Material provided
⁂

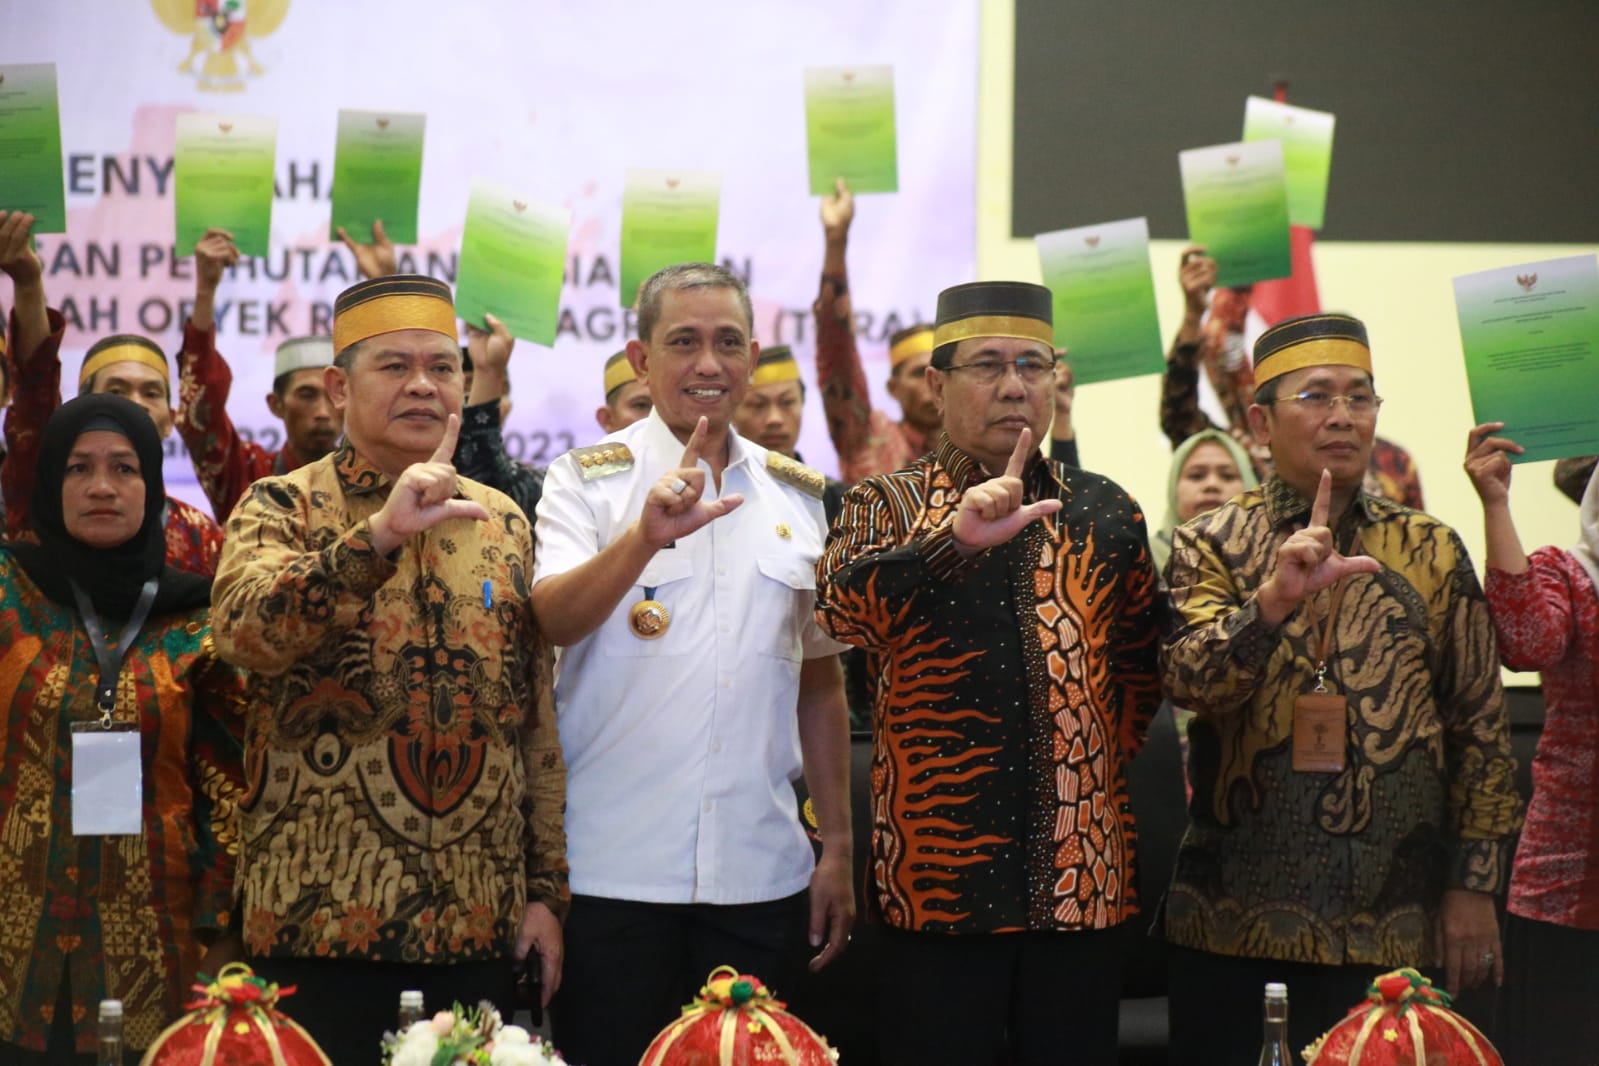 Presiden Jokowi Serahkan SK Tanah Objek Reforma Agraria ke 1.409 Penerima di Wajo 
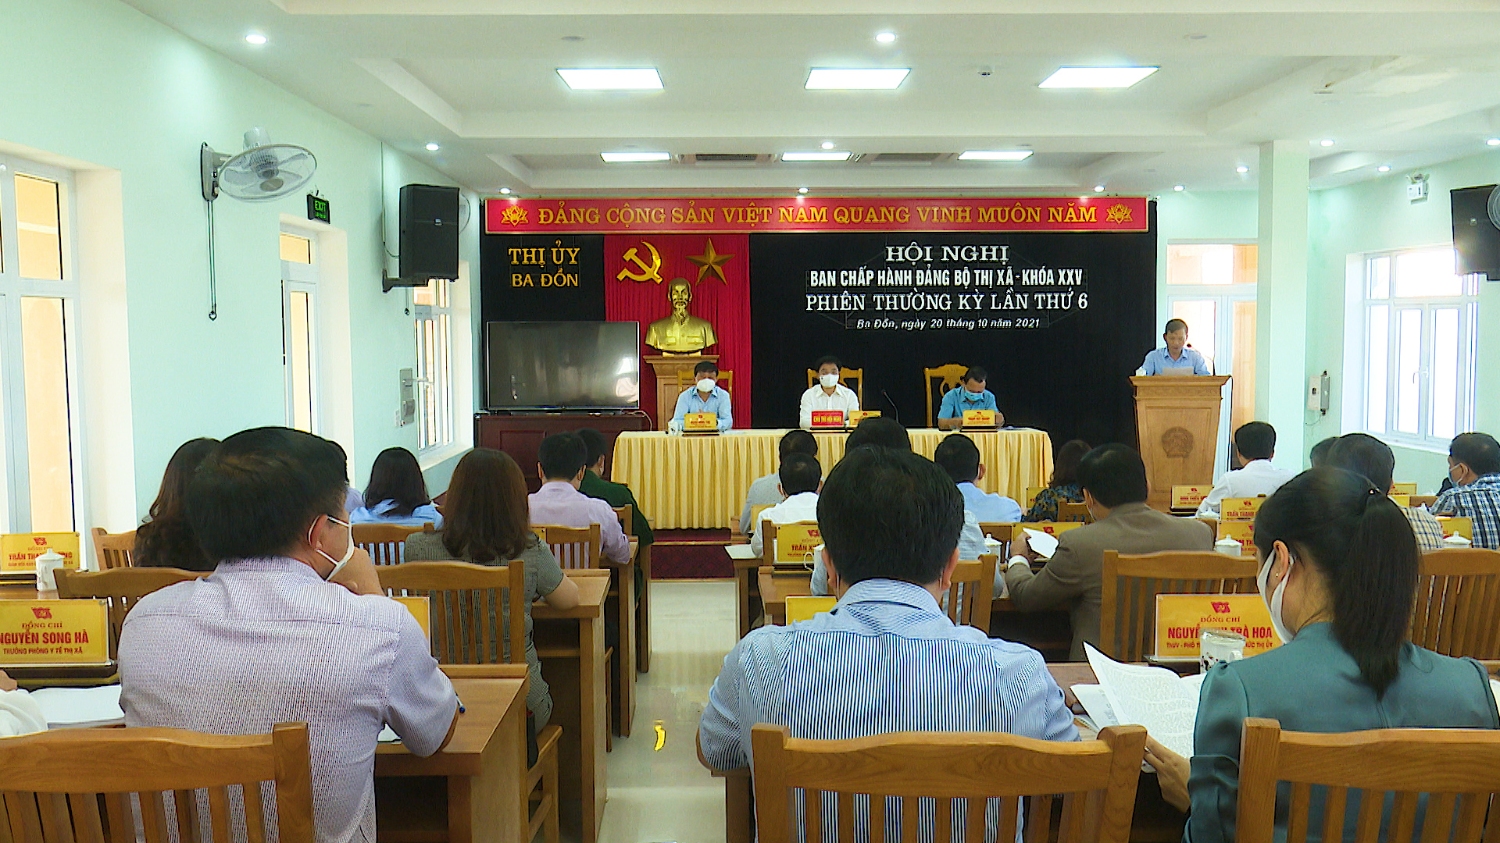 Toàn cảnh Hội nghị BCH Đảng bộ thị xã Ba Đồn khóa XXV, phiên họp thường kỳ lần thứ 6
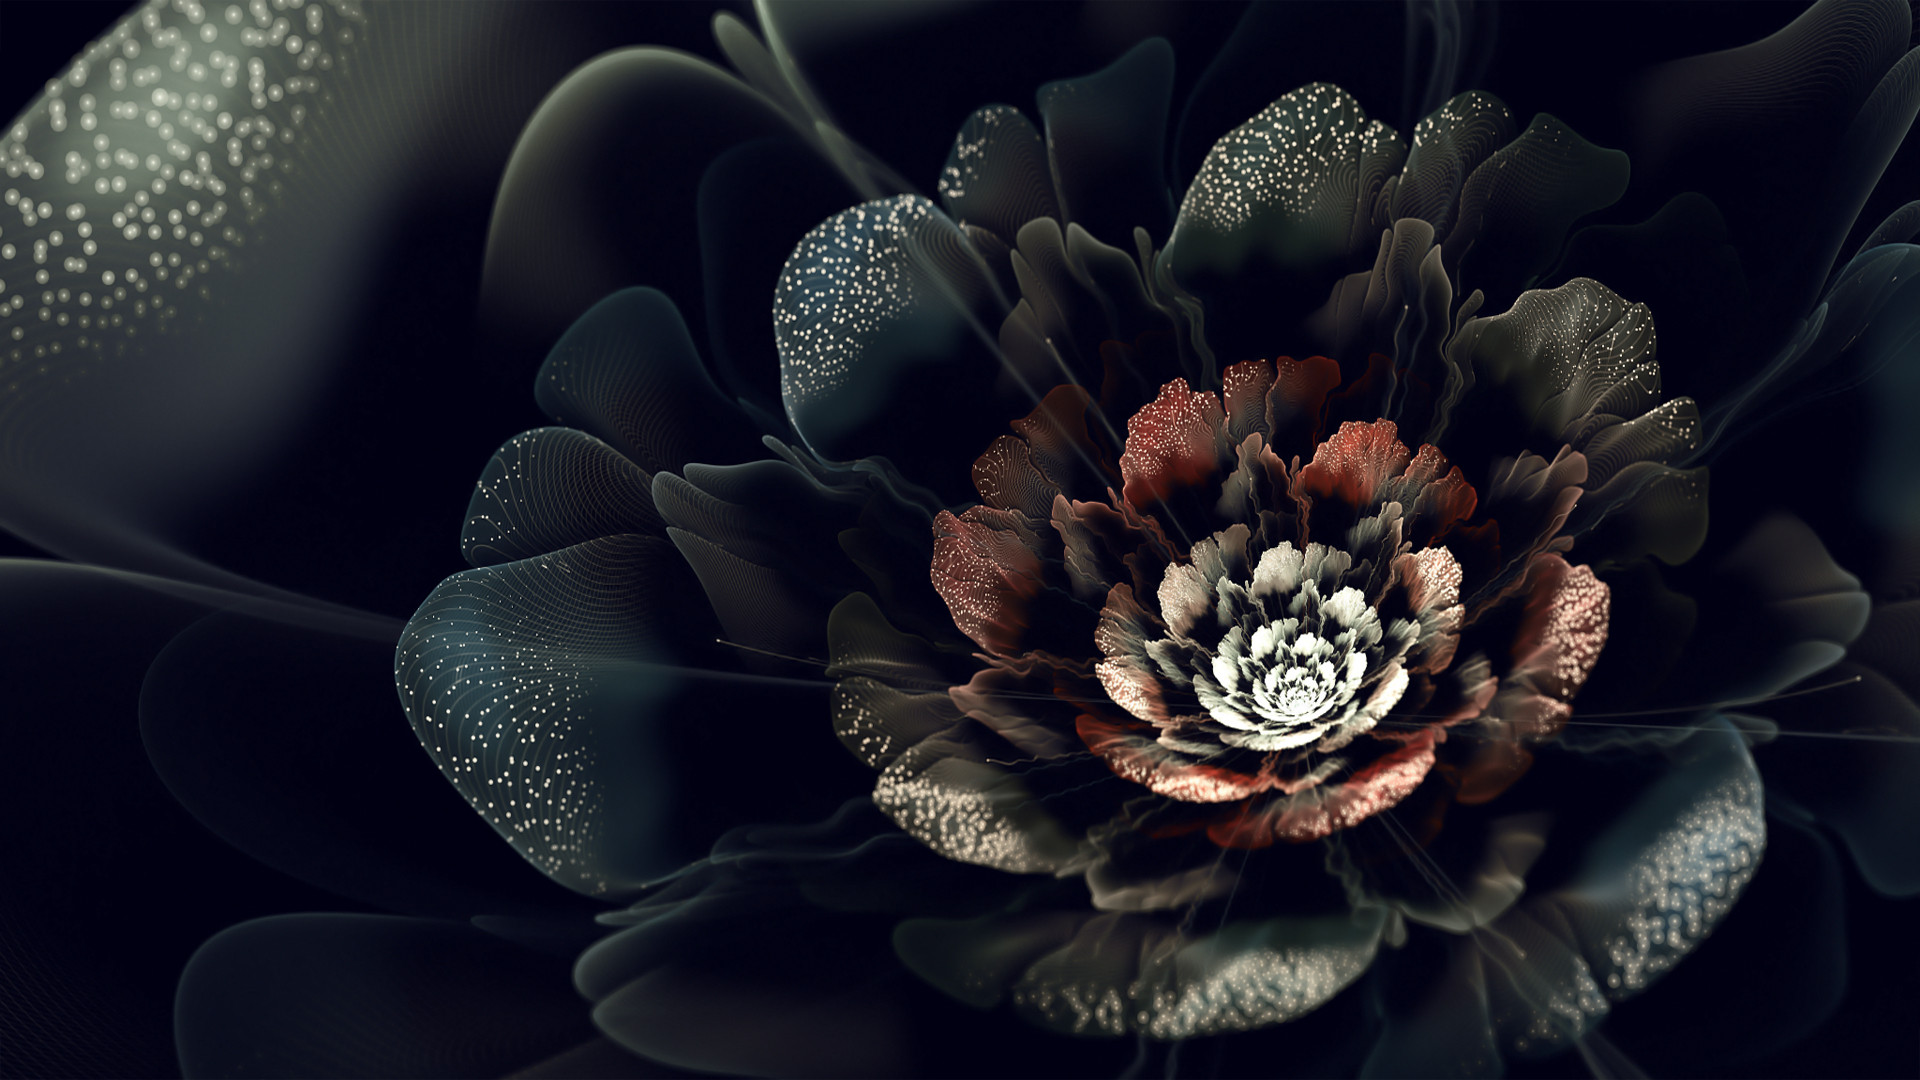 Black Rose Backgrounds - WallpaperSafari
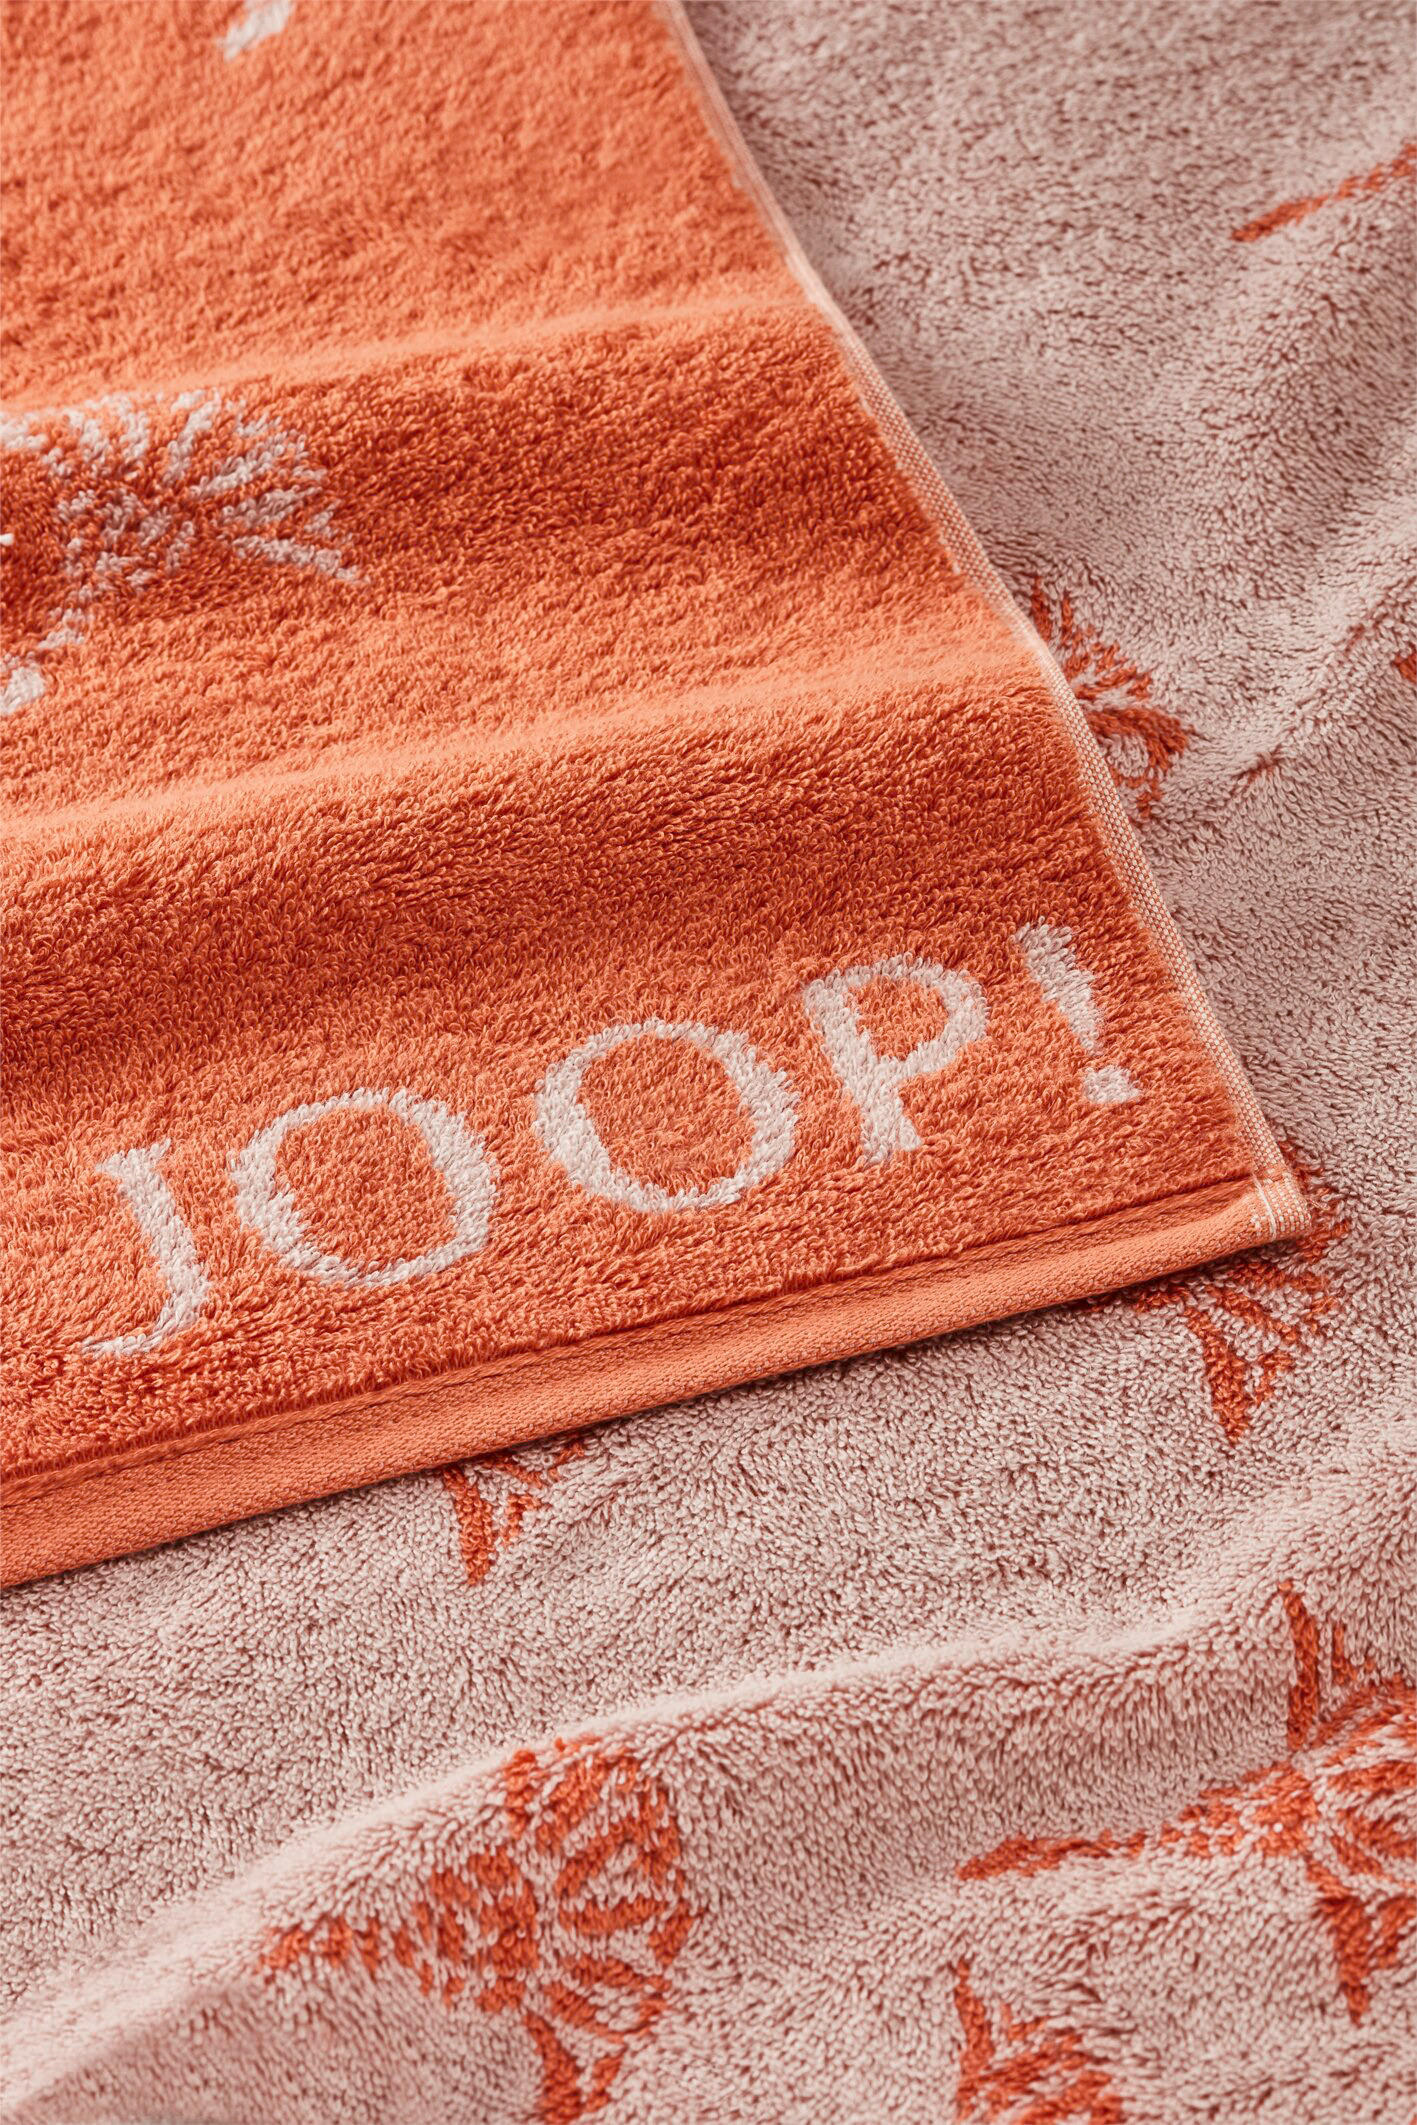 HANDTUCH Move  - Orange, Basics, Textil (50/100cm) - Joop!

⁂

Assignment
Omit the pictures and write out the remaining data exactly.

Answer box
 Presiden Jokowi Serahkan SK Tanah Objek Reforma Agraria ke 1.409 Penerima di Wajo 
 Toàn cảnh Hội nghị BCH Đảng bộ thị xã Ba Đồn khóa XXV, phiên họp thường kỳ lần thứ 6
 Black Rose Backgrounds - WallpaperSafari
 HANDTUCH Move  - Orange, Basics, Textil (50/100cm) - Joop!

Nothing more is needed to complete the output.